Extracted information.

════

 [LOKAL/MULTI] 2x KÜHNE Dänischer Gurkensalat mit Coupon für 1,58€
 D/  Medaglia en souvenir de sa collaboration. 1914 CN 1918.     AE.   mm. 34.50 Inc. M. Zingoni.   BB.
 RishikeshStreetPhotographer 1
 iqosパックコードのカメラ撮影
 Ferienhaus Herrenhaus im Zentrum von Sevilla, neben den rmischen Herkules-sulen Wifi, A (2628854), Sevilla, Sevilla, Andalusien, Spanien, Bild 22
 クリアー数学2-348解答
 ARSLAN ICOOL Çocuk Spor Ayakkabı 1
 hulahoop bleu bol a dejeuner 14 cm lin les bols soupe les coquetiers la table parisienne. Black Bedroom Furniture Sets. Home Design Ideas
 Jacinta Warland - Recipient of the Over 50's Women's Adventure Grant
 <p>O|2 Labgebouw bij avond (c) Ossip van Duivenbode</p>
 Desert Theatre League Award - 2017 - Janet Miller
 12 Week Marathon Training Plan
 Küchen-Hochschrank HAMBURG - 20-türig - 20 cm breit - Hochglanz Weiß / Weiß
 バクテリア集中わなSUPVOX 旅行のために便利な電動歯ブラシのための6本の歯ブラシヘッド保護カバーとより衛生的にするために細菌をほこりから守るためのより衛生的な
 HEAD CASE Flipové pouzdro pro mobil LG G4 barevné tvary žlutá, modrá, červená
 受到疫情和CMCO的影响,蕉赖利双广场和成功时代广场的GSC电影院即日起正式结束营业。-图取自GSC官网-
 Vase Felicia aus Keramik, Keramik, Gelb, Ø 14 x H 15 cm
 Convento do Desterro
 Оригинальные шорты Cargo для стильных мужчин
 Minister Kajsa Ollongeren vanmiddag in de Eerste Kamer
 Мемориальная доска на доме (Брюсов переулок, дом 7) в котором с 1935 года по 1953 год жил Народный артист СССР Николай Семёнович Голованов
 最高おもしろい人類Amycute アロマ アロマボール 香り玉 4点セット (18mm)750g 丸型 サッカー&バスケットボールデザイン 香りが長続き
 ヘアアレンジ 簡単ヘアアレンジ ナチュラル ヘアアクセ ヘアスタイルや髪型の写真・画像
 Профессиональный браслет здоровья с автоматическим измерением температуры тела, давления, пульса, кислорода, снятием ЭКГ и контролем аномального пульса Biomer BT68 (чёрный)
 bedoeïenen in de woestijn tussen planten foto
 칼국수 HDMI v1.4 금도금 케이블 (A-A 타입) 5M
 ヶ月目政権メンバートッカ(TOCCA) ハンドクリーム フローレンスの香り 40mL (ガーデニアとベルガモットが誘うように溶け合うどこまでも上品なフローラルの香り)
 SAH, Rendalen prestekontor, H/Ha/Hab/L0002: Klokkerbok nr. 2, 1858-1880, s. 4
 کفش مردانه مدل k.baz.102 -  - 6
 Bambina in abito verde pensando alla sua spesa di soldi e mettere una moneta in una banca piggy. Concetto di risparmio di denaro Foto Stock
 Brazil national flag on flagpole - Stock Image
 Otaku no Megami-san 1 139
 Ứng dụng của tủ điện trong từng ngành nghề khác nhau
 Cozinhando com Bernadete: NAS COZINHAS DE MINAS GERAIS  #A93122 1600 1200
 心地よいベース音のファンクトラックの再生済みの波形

════

What the exercise asks.
Character for character, reproduce all of the lines above.

Solution to this exercise.
 [LOKAL/MULTI] 2x KÜHNE Dänischer Gurkensalat mit Coupon für 1,58€
 D/  Medaglia en souvenir de sa collaboration. 1914 CN 1918.     AE.   mm. 34.50 Inc. M. Zingoni.   BB.
 RishikeshStreetPhotographer 1
 iqosパックコードのカメラ撮影
 Ferienhaus Herrenhaus im Zentrum von Sevilla, neben den rmischen Herkules-sulen Wifi, A (2628854), Sevilla, Sevilla, Andalusien, Spanien, Bild 22
 クリアー数学2-348解答
 ARSLAN ICOOL Çocuk Spor Ayakkabı 1
 hulahoop bleu bol a dejeuner 14 cm lin les bols soupe les coquetiers la table parisienne. Black Bedroom Furniture Sets. Home Design Ideas
 Jacinta Warland - Recipient of the Over 50's Women's Adventure Grant
 <p>O|2 Labgebouw bij avond (c) Ossip van Duivenbode</p>
 Desert Theatre League Award - 2017 - Janet Miller
 12 Week Marathon Training Plan
 Küchen-Hochschrank HAMBURG - 20-türig - 20 cm breit - Hochglanz Weiß / Weiß
 バクテリア集中わなSUPVOX 旅行のために便利な電動歯ブラシのための6本の歯ブラシヘッド保護カバーとより衛生的にするために細菌をほこりから守るためのより衛生的な
 HEAD CASE Flipové pouzdro pro mobil LG G4 barevné tvary žlutá, modrá, červená
 受到疫情和CMCO的影响,蕉赖利双广场和成功时代广场的GSC电影院即日起正式结束营业。-图取自GSC官网-
 Vase Felicia aus Keramik, Keramik, Gelb, Ø 14 x H 15 cm
 Convento do Desterro
 Оригинальные шорты Cargo для стильных мужчин
 Minister Kajsa Ollongeren vanmiddag in de Eerste Kamer
 Мемориальная доска на доме (Брюсов переулок, дом 7) в котором с 1935 года по 1953 год жил Народный артист СССР Николай Семёнович Голованов
 最高おもしろい人類Amycute アロマ アロマボール 香り玉 4点セット (18mm)750g 丸型 サッカー&バスケットボールデザイン 香りが長続き
 ヘアアレンジ 簡単ヘアアレンジ ナチュラル ヘアアクセ ヘアスタイルや髪型の写真・画像
 Профессиональный браслет здоровья с автоматическим измерением температуры тела, давления, пульса, кислорода, снятием ЭКГ и контролем аномального пульса Biomer BT68 (чёрный)
 bedoeïenen in de woestijn tussen planten foto
 칼국수 HDMI v1.4 금도금 케이블 (A-A 타입) 5M
 ヶ月目政権メンバートッカ(TOCCA) ハンドクリーム フローレンスの香り 40mL (ガーデニアとベルガモットが誘うように溶け合うどこまでも上品なフローラルの香り)
 SAH, Rendalen prestekontor, H/Ha/Hab/L0002: Klokkerbok nr. 2, 1858-1880, s. 4
 کفش مردانه مدل k.baz.102 -  - 6
 Bambina in abito verde pensando alla sua spesa di soldi e mettere una moneta in una banca piggy. Concetto di risparmio di denaro Foto Stock
 Brazil national flag on flagpole - Stock Image
 Otaku no Megami-san 1 139
 Ứng dụng của tủ điện trong từng ngành nghề khác nhau
 Cozinhando com Bernadete: NAS COZINHAS DE MINAS GERAIS  #A93122 1600 1200
 心地よいベース音のファンクトラックの再生済みの波形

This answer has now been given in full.